The mission of Collegiate Academies is to create and support schools that prepare all scholars for college success. We decided to sit down with Benjamin Marcovitz, Collegiate Academies’ Chief Executive Officer and founder of Sci Academy, to learn more about how the mission of our network was first developed, how it drives our work, and how it informs the rigorous goals we have for every student we serve—including those with special needs.

When you began to write the mission statement for our network and schools, what was your process?

I thought a lot about what it meant to have complete freedom in the world today. A couple of decades prior, a high school diploma may have opened up those doors, but it was becoming very clear in this economy that a college degree was becoming the bar for folks in the world who wanted the freedom to take on anything. Anything short of that and the modicum of choice you were given over your life was more limited. I realized that college was the bar, and it was a pretty decent bar for K-12 educators to prepare kids for. So I decided that, as a school, we should strive not only for college, but for extraordinary success within it, and that this would guide the development of our school.

Some people hear that we have a college prep mission and think that means we serve a specific subset of kids: kids who are already thinking about college and who enter as ninth graders on grade level. Actually, about 20% of our scholars have special needs, and our students come to us very far behind grade level. Why do you think this mission is important for our school, and how does it push our programming and outcomes for all scholars?

The mission of our school is primarily there to build the culture and the processes that make the organization successful. We’ve always tried to build our schools to have numerous plans for kids if college is not the right path. Growing up, I went to a school with a more affluent population and, while it was college prep, not every kid went to college. But what was clear was that, because of this ambition, the school aimed for the stars with all kids. That’s how it is with Collegiate Academies: across the board, we work to develop the most ambitious plans for every kid. So, the reason there is a college prep mission is that we want a college prep ambition to guide the culture of the school, to signal to everyone that this is a place where dreams come true, even for kids who are not on a college path.

We use the term “most rigorous post-secondary outcome” a lot. What does this mean to you?

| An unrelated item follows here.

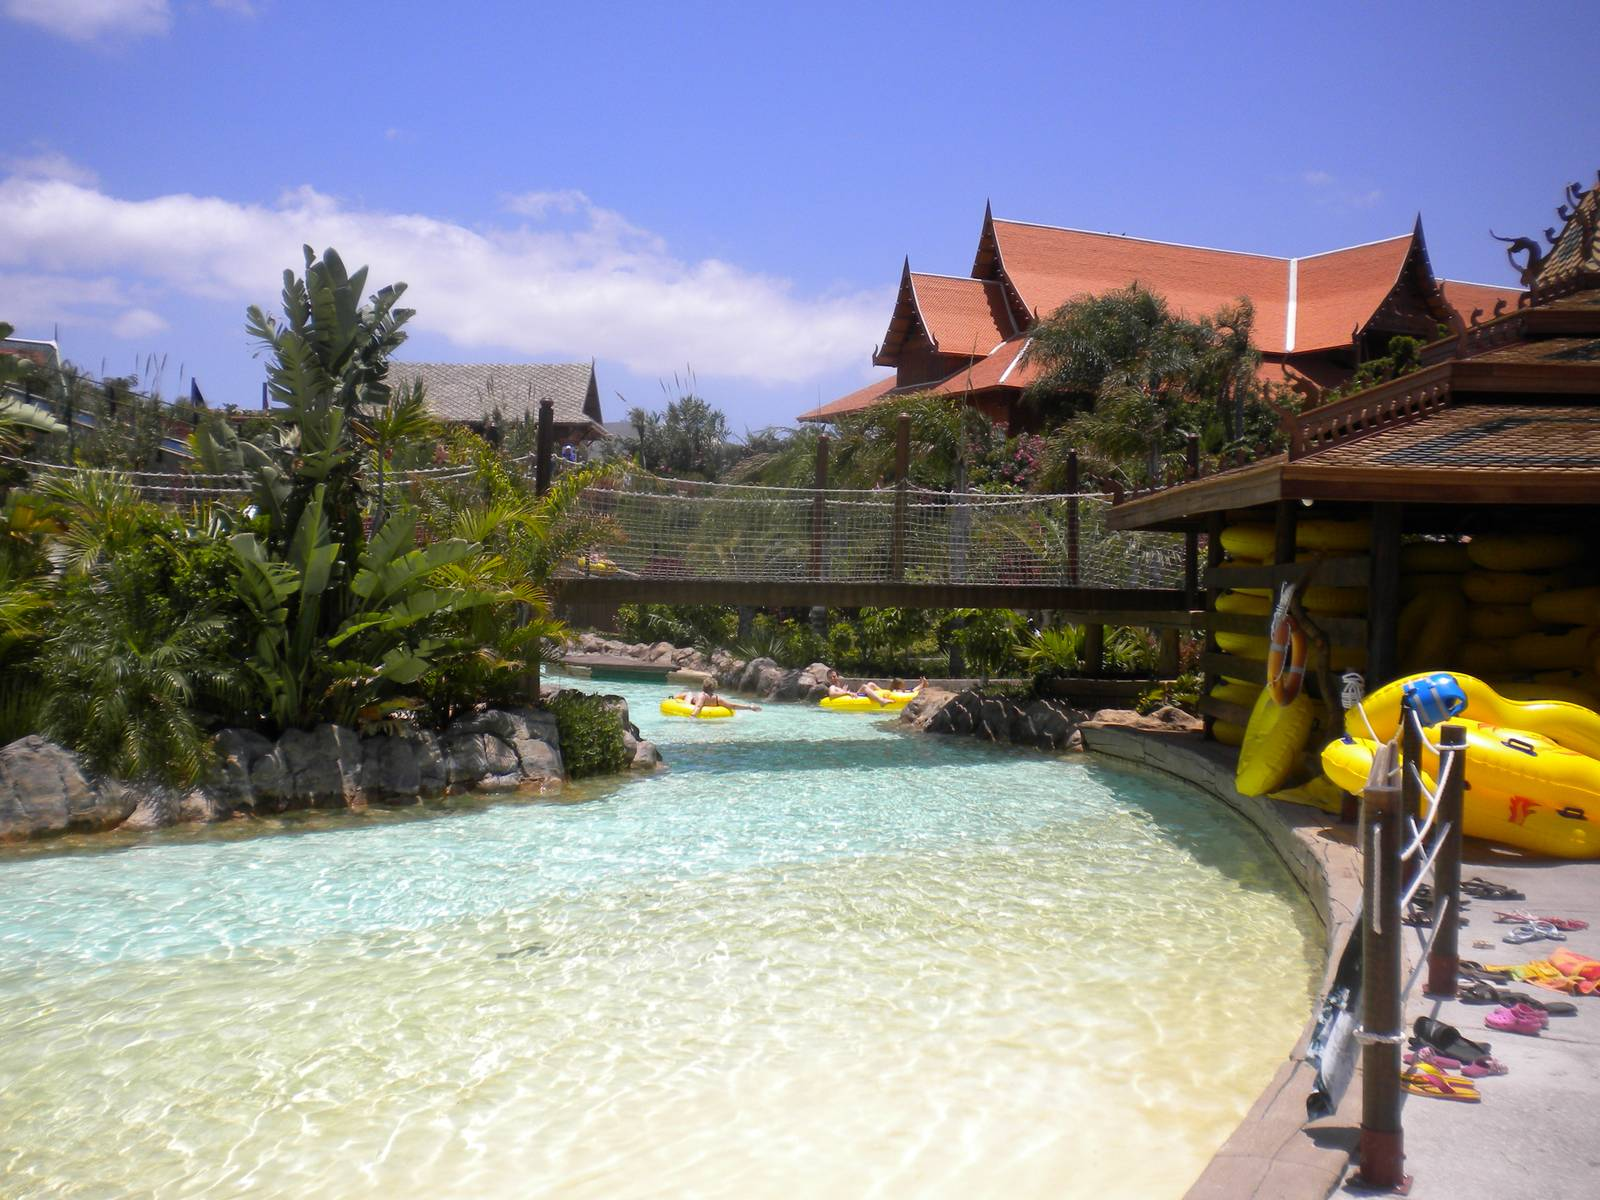 siam park13 Siam Park More Than a Water Park

I’m genuinely disappointed that there are many colleges out there that won’t work with kids who have many of the special needs our kids do. I don’t think that’s the way society has constructed the idea of college right now, and society has a long way to go, though I think there are hopeful signs. Until that time, though, we want to ensure the maximal number of opportunities to every kid in our school. We serve a number of kids for whom college will not meet their needs. We want to understand fully the array of options for these students. For a given kid whose needs a college can’t currently serve, we want to be able to maximize that kid’s ambition while they are here. Finding what we call “the most rigorous post-secondary outcome” does that.

Can you give an example of a scholar who has been supported by our focus on developing ambitious and individualized plans for every student?

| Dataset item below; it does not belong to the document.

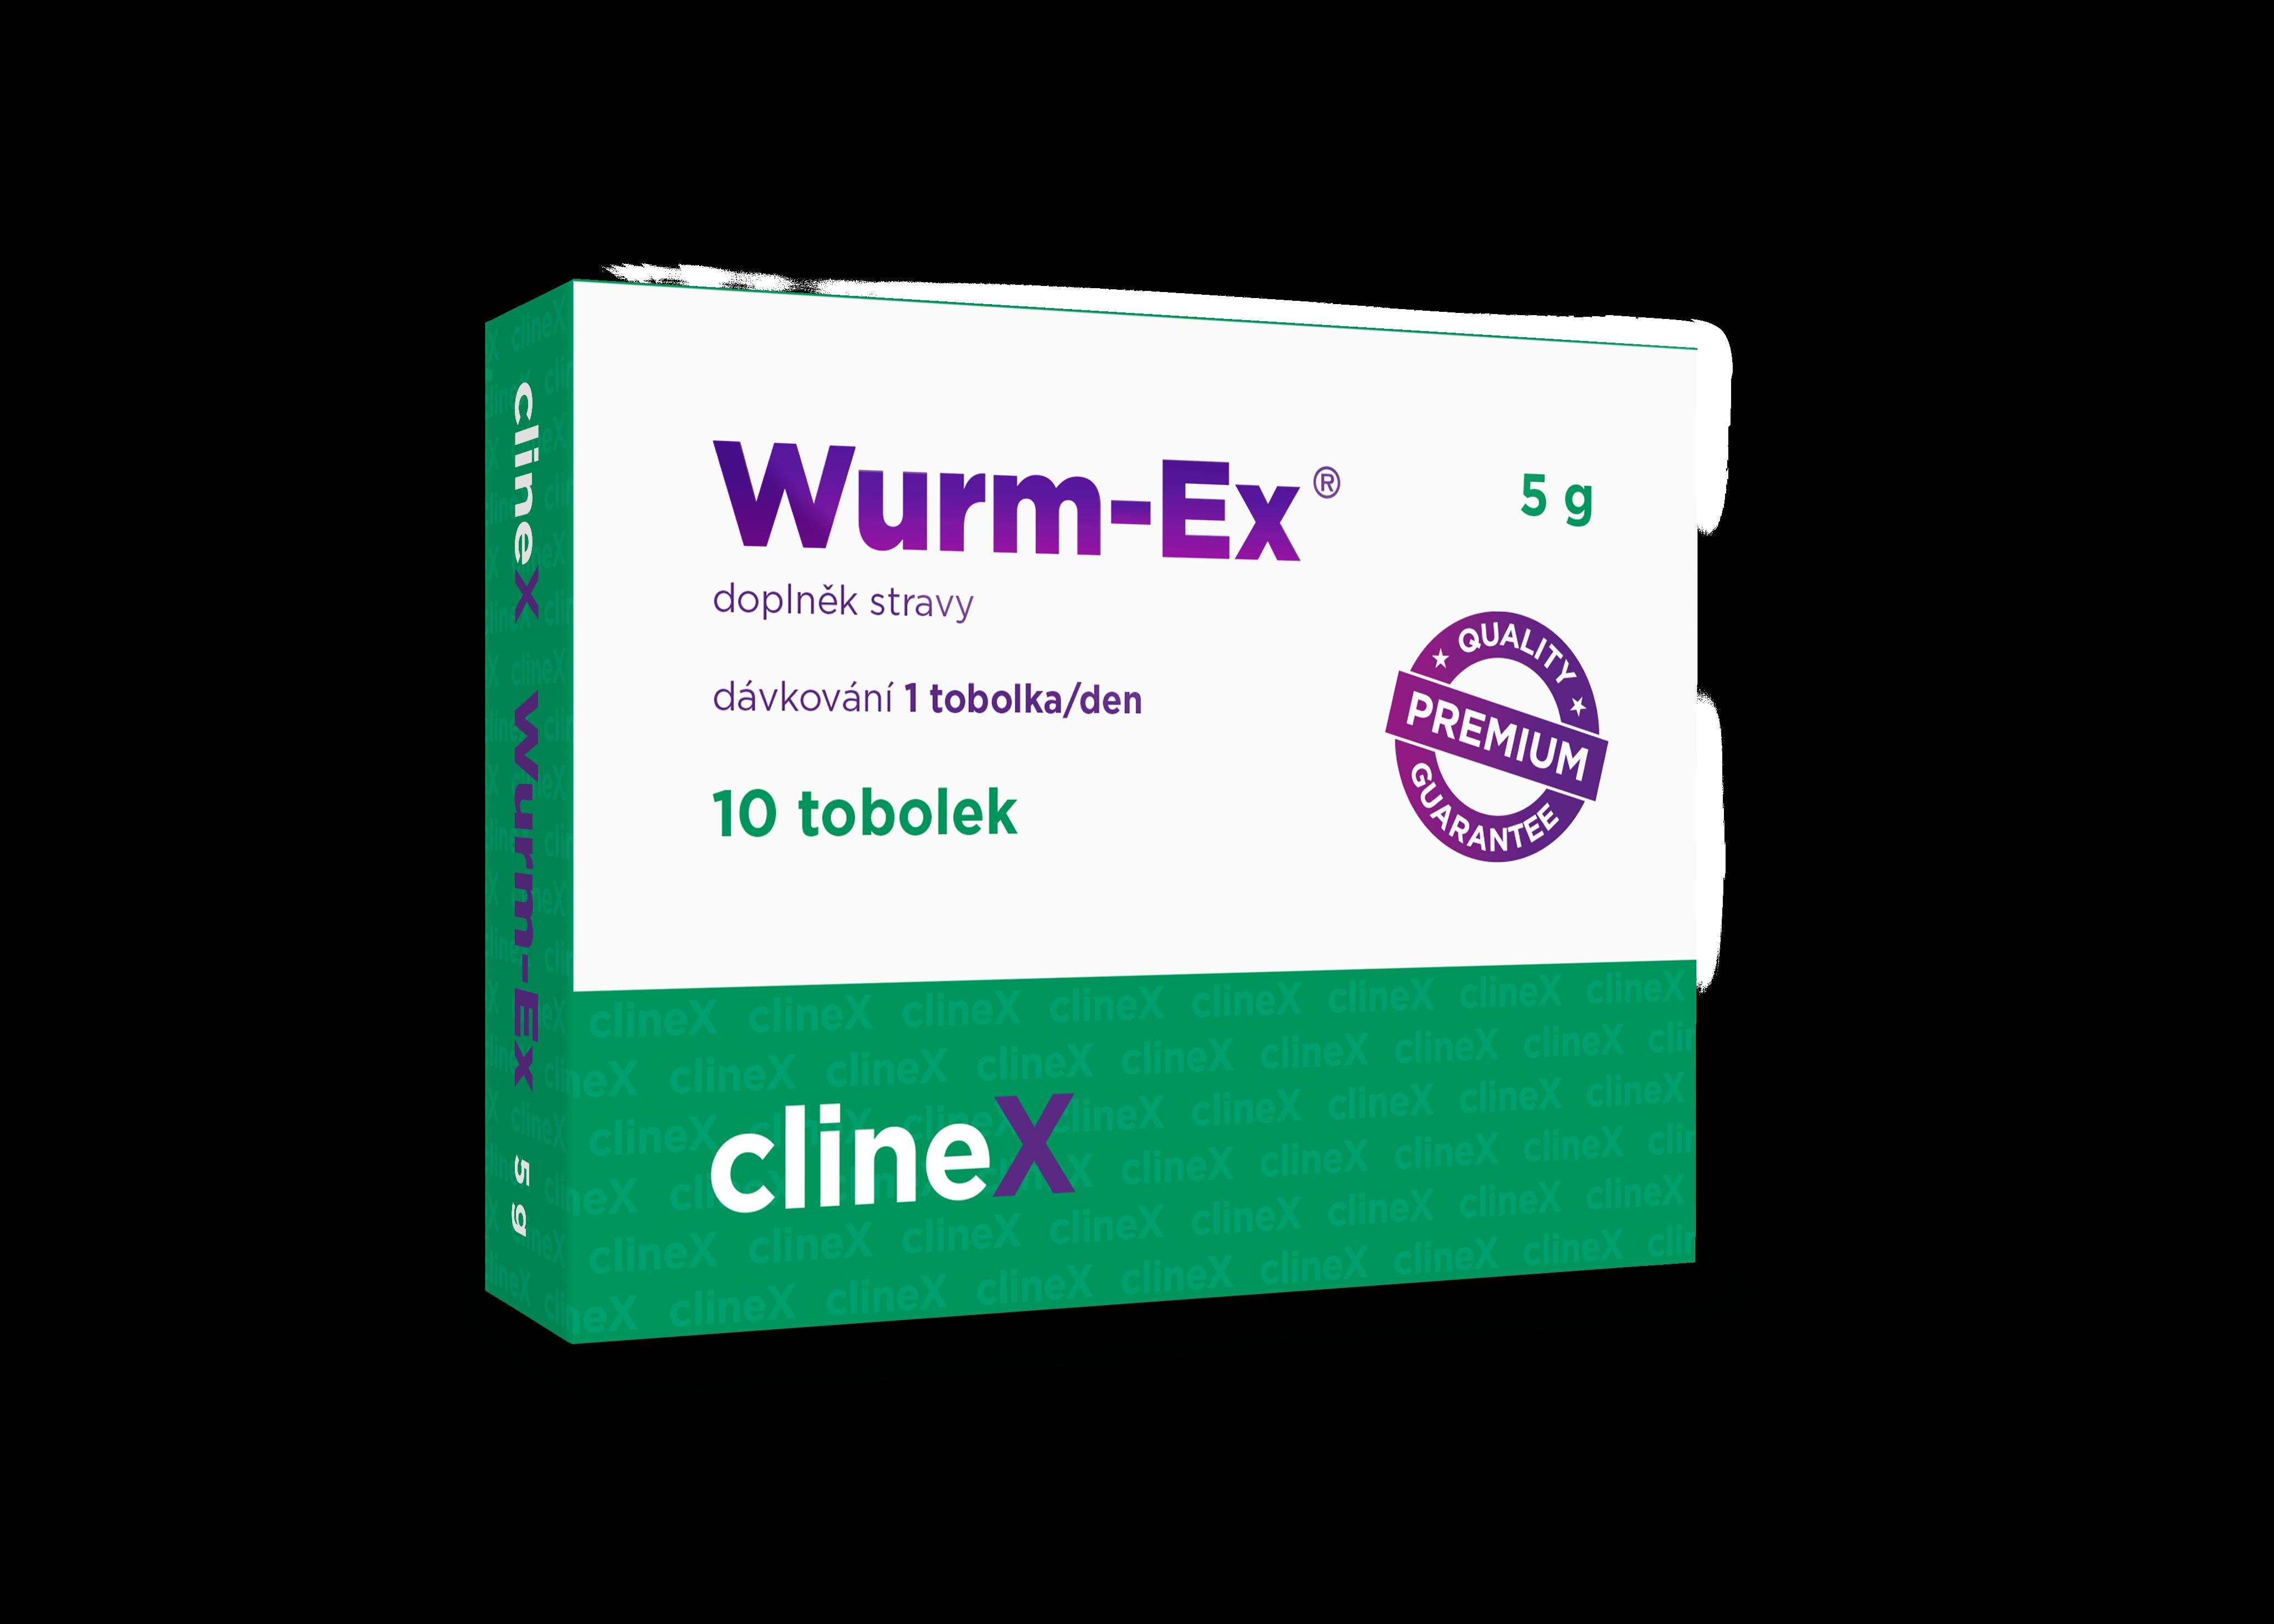 Balení Wurm-Ex

A student like Darnisha is a good example. Darnisha had been held back numerous years at school, and she read around or below a kindergarten level when she came to us as a ninth grader. She stepped onto our campus and saw what we were doing, and—this isn’t true with every kid—she immediately liked it. She saw that we created a kind of pep rally in the hallway and the classrooms to excite kids about their futures, and that happened to be centered around college. She was among the first kids to really embrace a lot of the vocabulary and inspirational tags that we used, like “without struggle there is no progress” and “go above and beyond.” She became something of a guardrail for her peers. When they were disenchanted, she would talk to them about how important their futures were, using the language of the school.

She was a model student, but she struggled because of her learning disabilities quite a bit. She was at a point as a senior where we determined that colleges were not equipped to serve her needs. We brainstormed with her about what she would do next. And we really sat down and made our first individualized plan for a post secondary outcome with her. She wanted to work with animals, so she interned at the Louisiana SPCA. She wanted to have opportunities to work with kids as a teacher, so we gave her opportunities to be a paraprofessional here, then she started working for camps that served kids with disabilities, as well. And she has since become the first alum to teach at one of our schools! She continues to work on and off with us, in between trips where she travels all around the country to work with kids and adults with special needs. She just got back from many months in Iowa and came to visit us.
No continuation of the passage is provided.